Congrats on a nice looking buck. Alot of bucks starting to yake a dirt nap now. I know where I will be tomorrow morning and as much as I can for the rest of the week.

Matt


----------



## moosemeat (Jul 31, 2011)

great job!


----------



## Pierre Couture (Oct 28, 2004)

Congrats on an awesome buck! Deer numbers are down here, and I hven't seen a single buck yet...


----------



## CLASSICHUNTER (May 20, 2005)

set my camera up and had 3 bucks sparring 40 ft in front of my blind hope they are still around when i am out there ..


----------



## Bowmen1 (Oct 13, 2005)

Thanks guys and it yes it does seem to be on here the rut.

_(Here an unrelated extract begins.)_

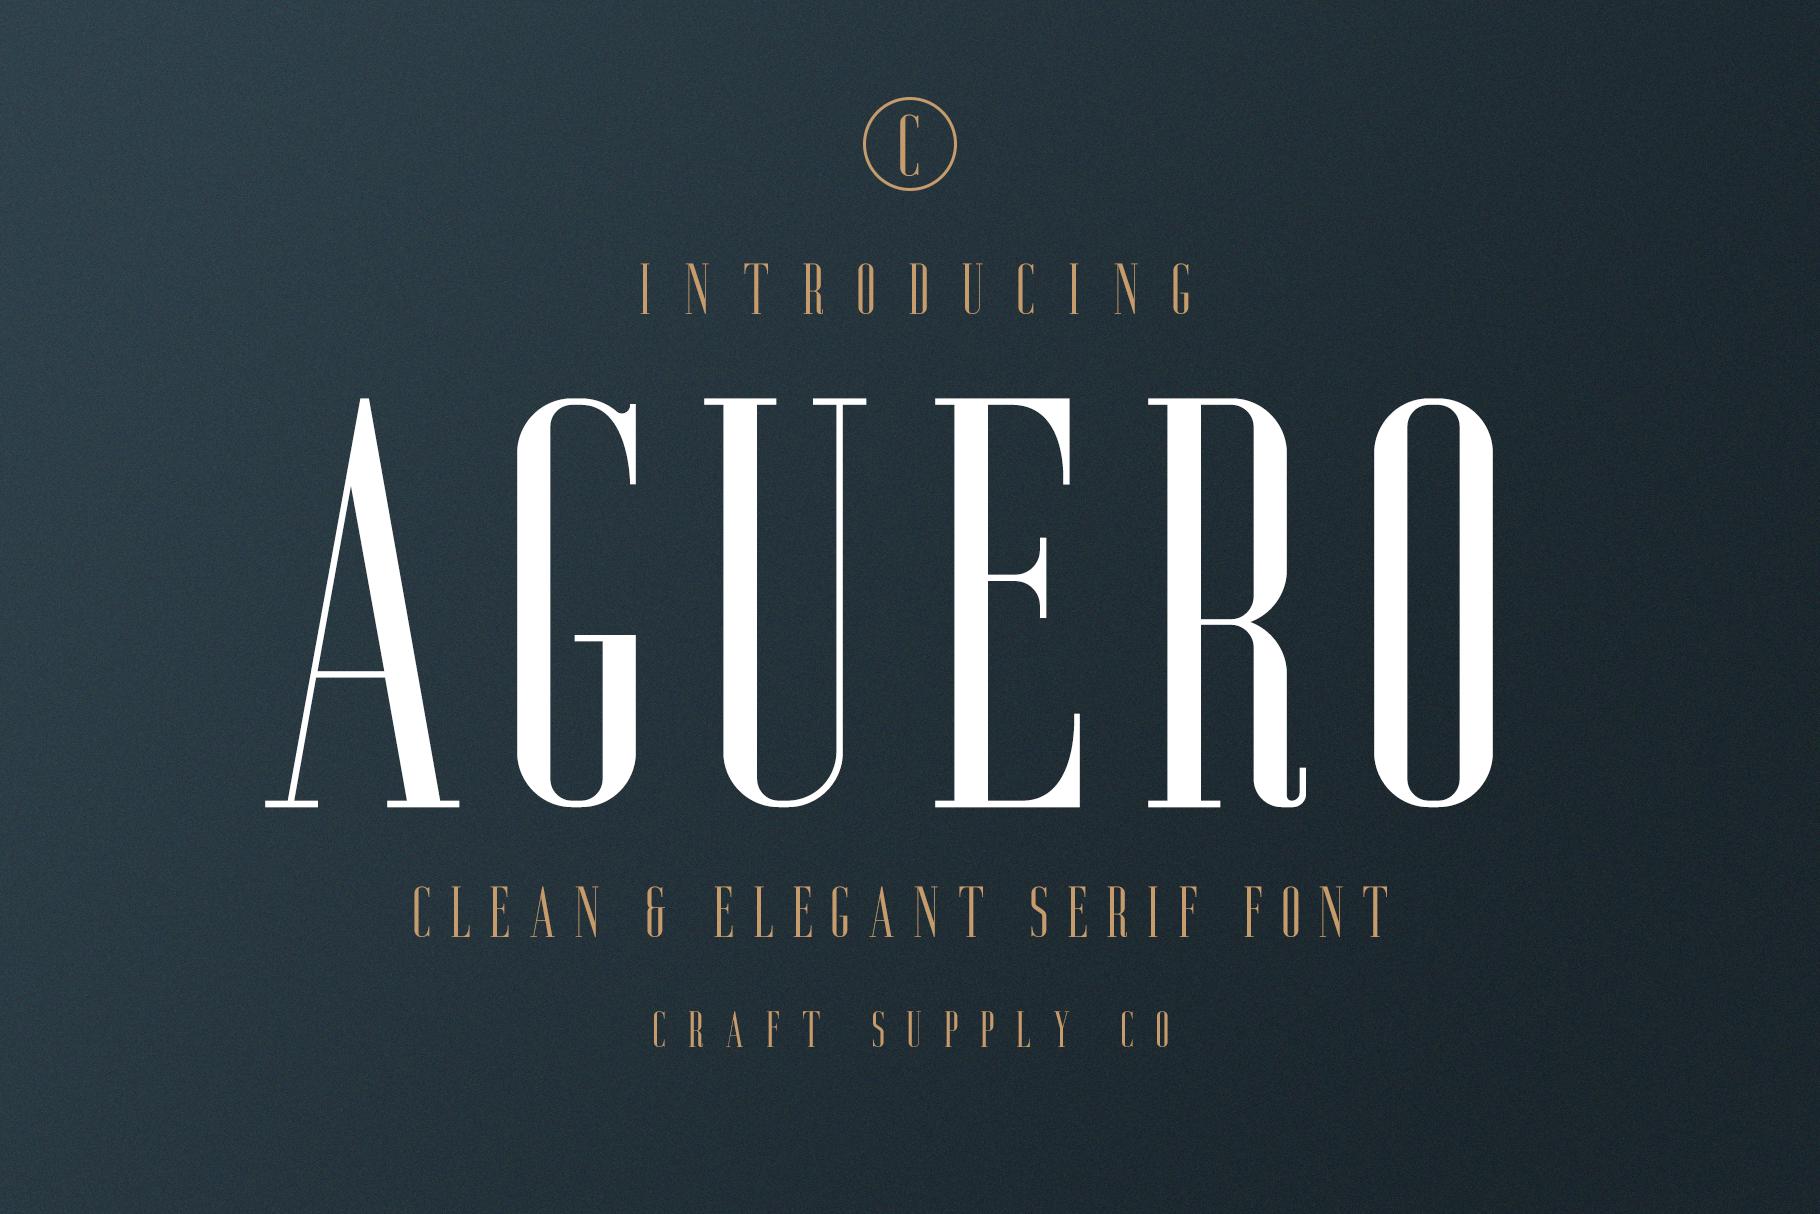 Aguero Serif - Clean & Elegant Font example image 1

Good luck to everyone this season.


----------



## trapper1 (Nov 9, 2004)

good going Dwayne
Rick


----------



## Nudlebush (Jun 24, 2007)

BBD - well done DD


----------



## waldguy (Sep 19, 2011)

Beauty of a buck. Nice.


----------



## Fixerman812 (Sep 28, 2008)

What's wider.....The antlers or his smile? :wink:


----------



## will750 (Apr 6, 2007)

Congrats to you !!!!!! that's nice !!!!


----------



## Crunch (Nov 28, 2002)

Congratulations on a nice Buck.


----------



## D3TH_OVRH3D (Sep 23, 2010)

Congratulations! What part of Ontario are you from? I'm not seeing any rutting signs at all. I'm about 40 mins East of Kingston.


----------



## Bowmen1 (Oct 13, 2005)

D3TH_OVRH3D said:


> Congratulations! What part of Ontario are you from? I'm not seeing any rutting signs at all. I'm about 40 mins East of Kingston.


 Thanks I'm up between North Bay and Huntsville.


----------



## Jean Guy (Nov 17, 2011)

nice buck man congrats


----------